▸ **YOUR OBJECTIVE**
Return the whole listing, line for line, without the pictures in it.

▸ **DATA EXTRACT**
BEGIN
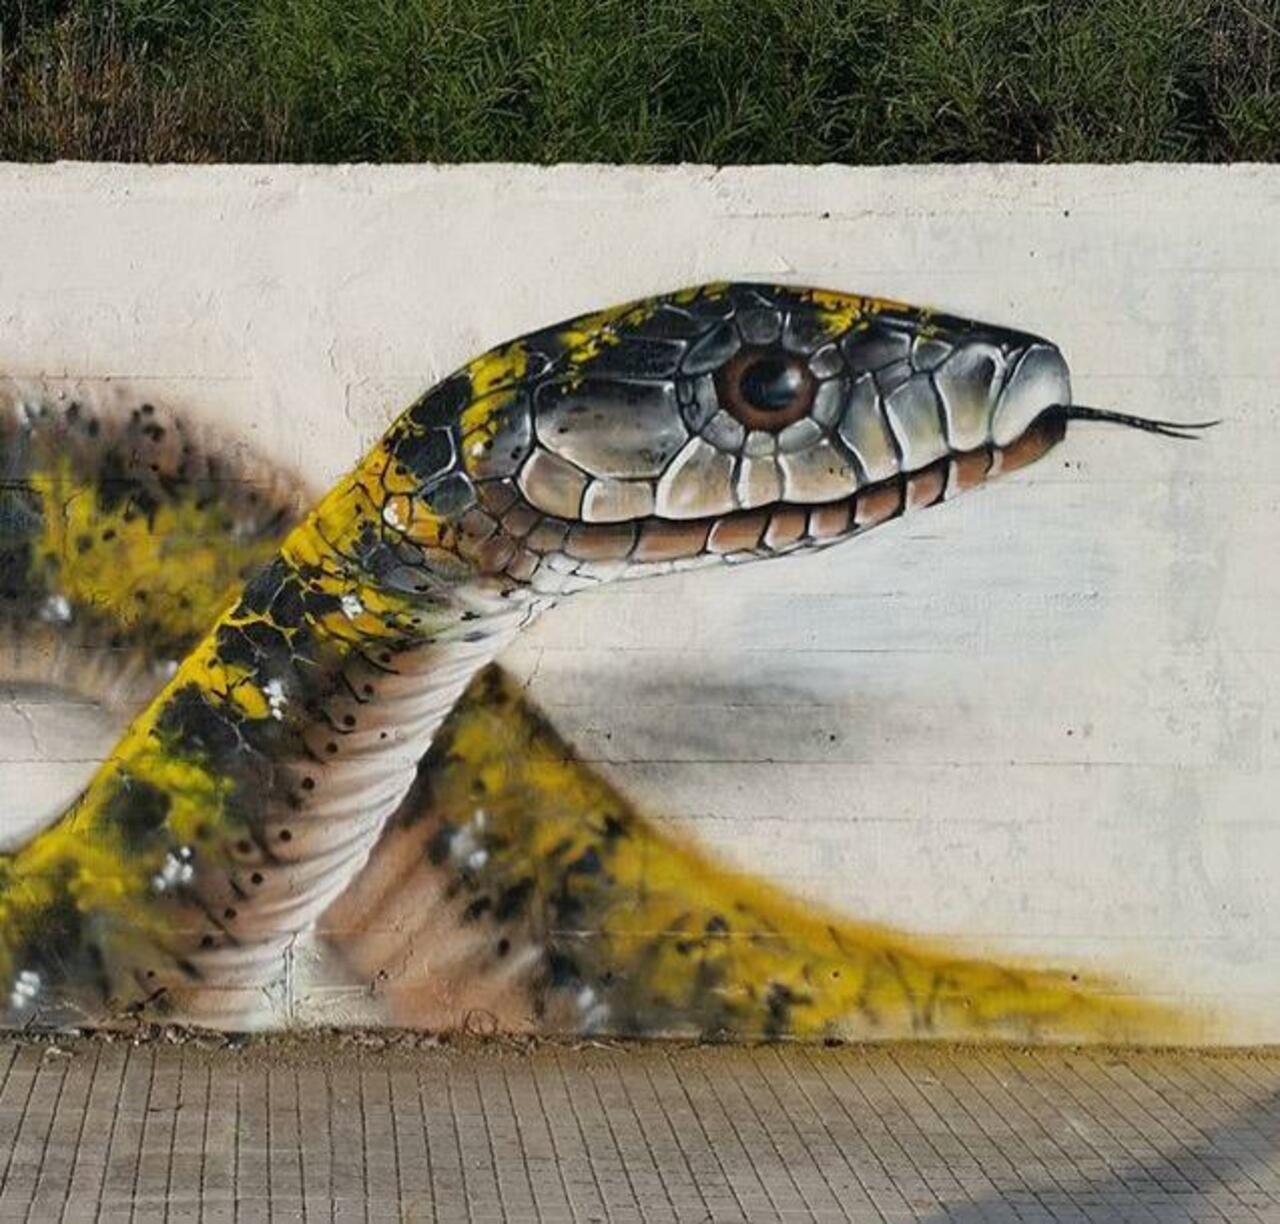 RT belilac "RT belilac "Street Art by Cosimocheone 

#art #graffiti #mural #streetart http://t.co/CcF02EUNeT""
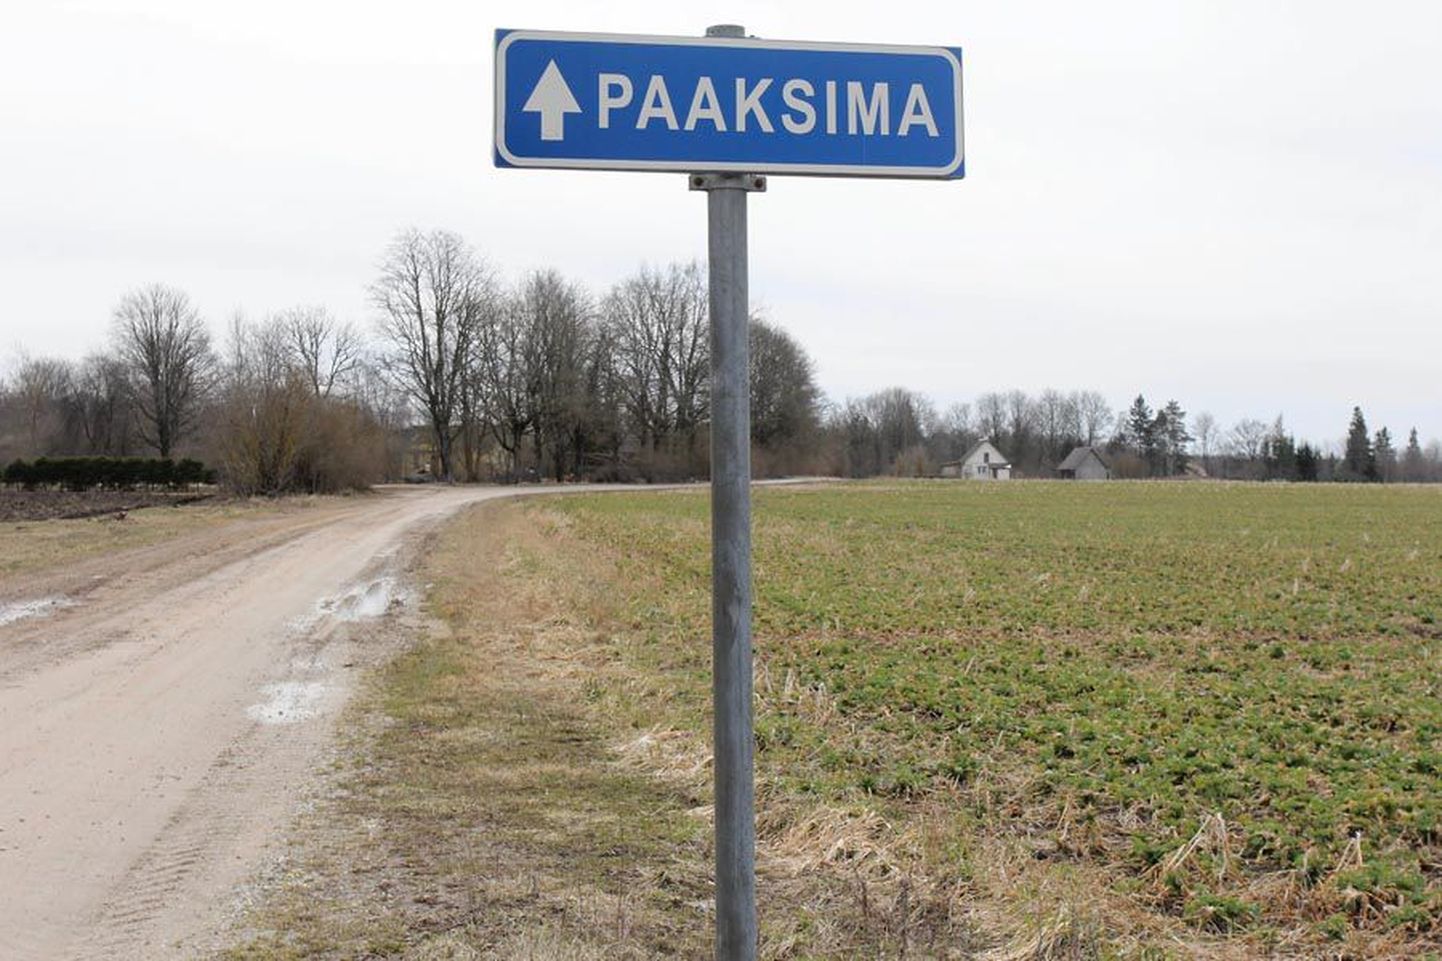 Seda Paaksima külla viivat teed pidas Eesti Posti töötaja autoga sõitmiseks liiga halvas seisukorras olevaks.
END
▸ **SOLUTION BELOW**
 RT belilac "RT belilac "Street Art by Cosimocheone 

#art #graffiti #mural #streetart http://t.co/CcF02EUNeT""
 Seda Paaksima külla viivat teed pidas Eesti Posti töötaja autoga sõitmiseks liiga halvas seisukorras olevaks.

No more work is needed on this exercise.